Anticipation des crises
Par ailleurs, la capacité à lire les signaux du marché et à anticiper les crises demeure complexe pour nombre de gestionnaires.
Se prémunir contre ces aléas nécessite une vigilance accrue et une excellente lecture des tendances macroéconomiques. Adopter une approche prudente et conservatrice, tout en demeurant agile et réactif, peut apporter des solutions sécurisantes face à ces incertitudes.
Évolutions règlementaires et environnementales
Enfin, les questions environnementales deviennent progressivement plus centrales dans la régulation immobilière. Les SCPI pourraient se voir contraintes de respecter des normes énergétiques de plus en plus strictes, transformant radicalement les critères de choix des biens et les coûts associés à leur mise aux normes.
Ces facteurs peuvent indirectement peser sur les décisions d’investissement, requérir des fonds supplémentaires pour travailler sur la durabilité de chaque bien immobilier, sans nécessairement garantir des retours sur investissement immédiats.
Impacts des nouvelles normes
Par exemple, la loi concernant la transition énergétique exige des rénovations lourdes pour certains types de bâtiments afin de réduire leur empreinte carbone.
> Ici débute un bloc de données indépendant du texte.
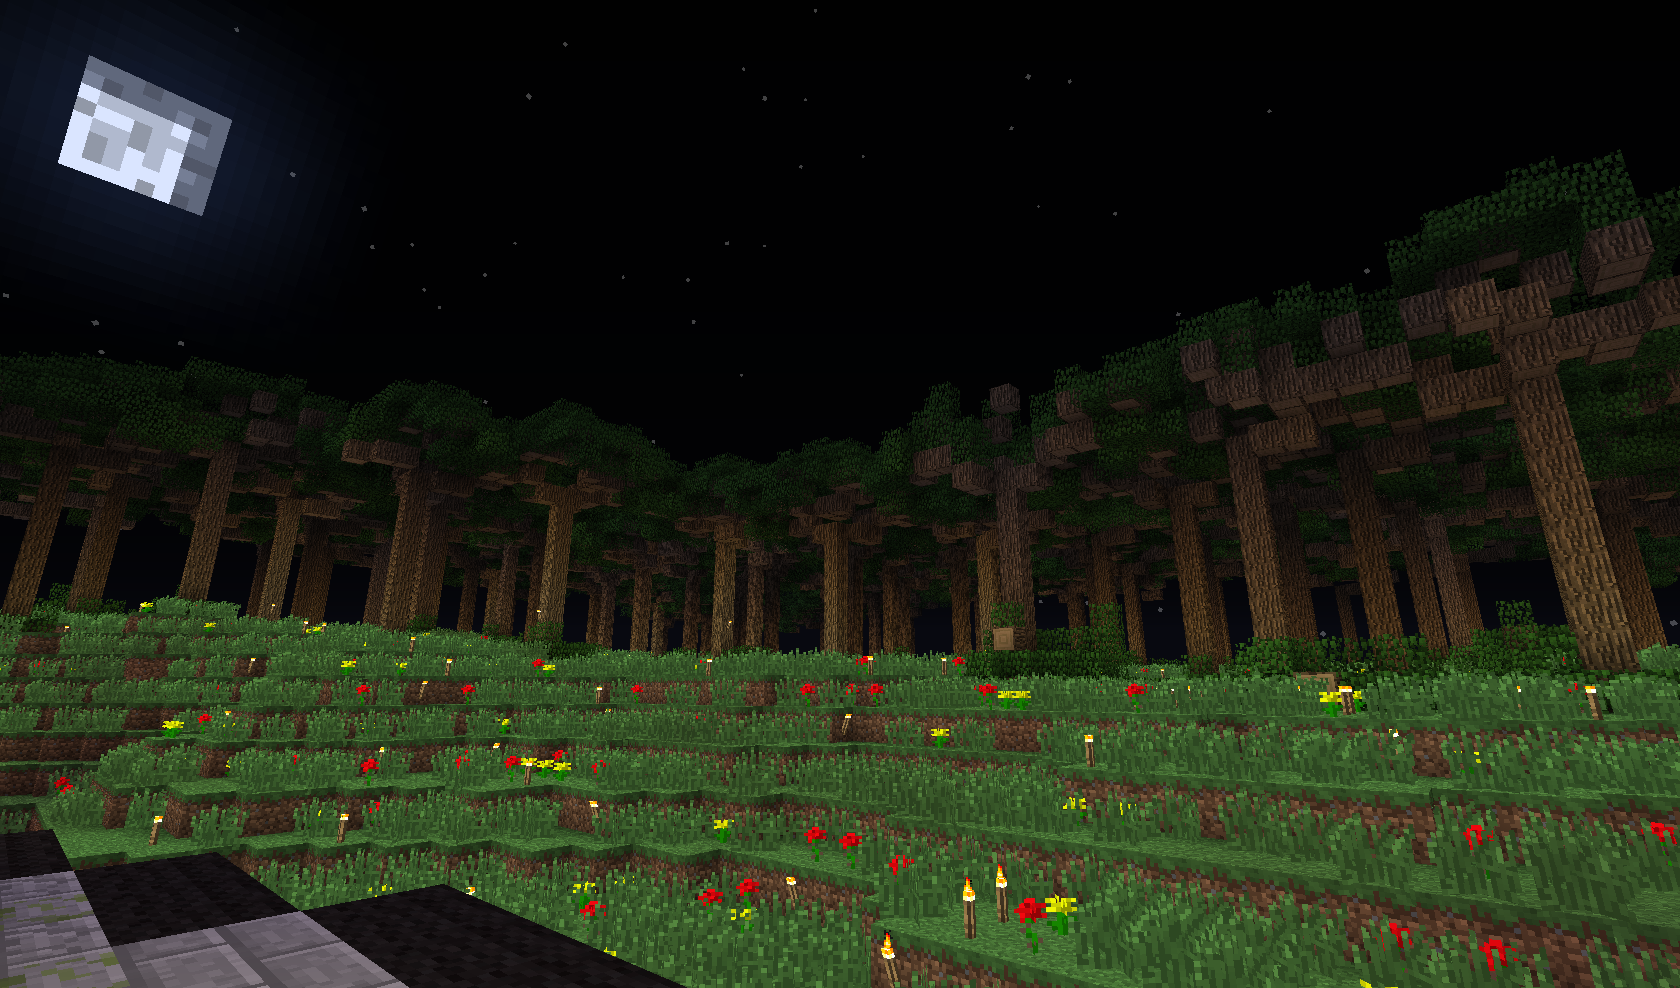 las dużych drzew

Ces mises en conformité indispensables augmentent conséquemment les charges supportées par les SCPI et réduisent par là même la part de bénéfices redistribuée aux investisseurs.
Néanmoins, à long terme, les immeubles écologiquement responsables peuvent attirer davantage de locataires, fidéliser ceux existants et potentiellement accroître leur valeur.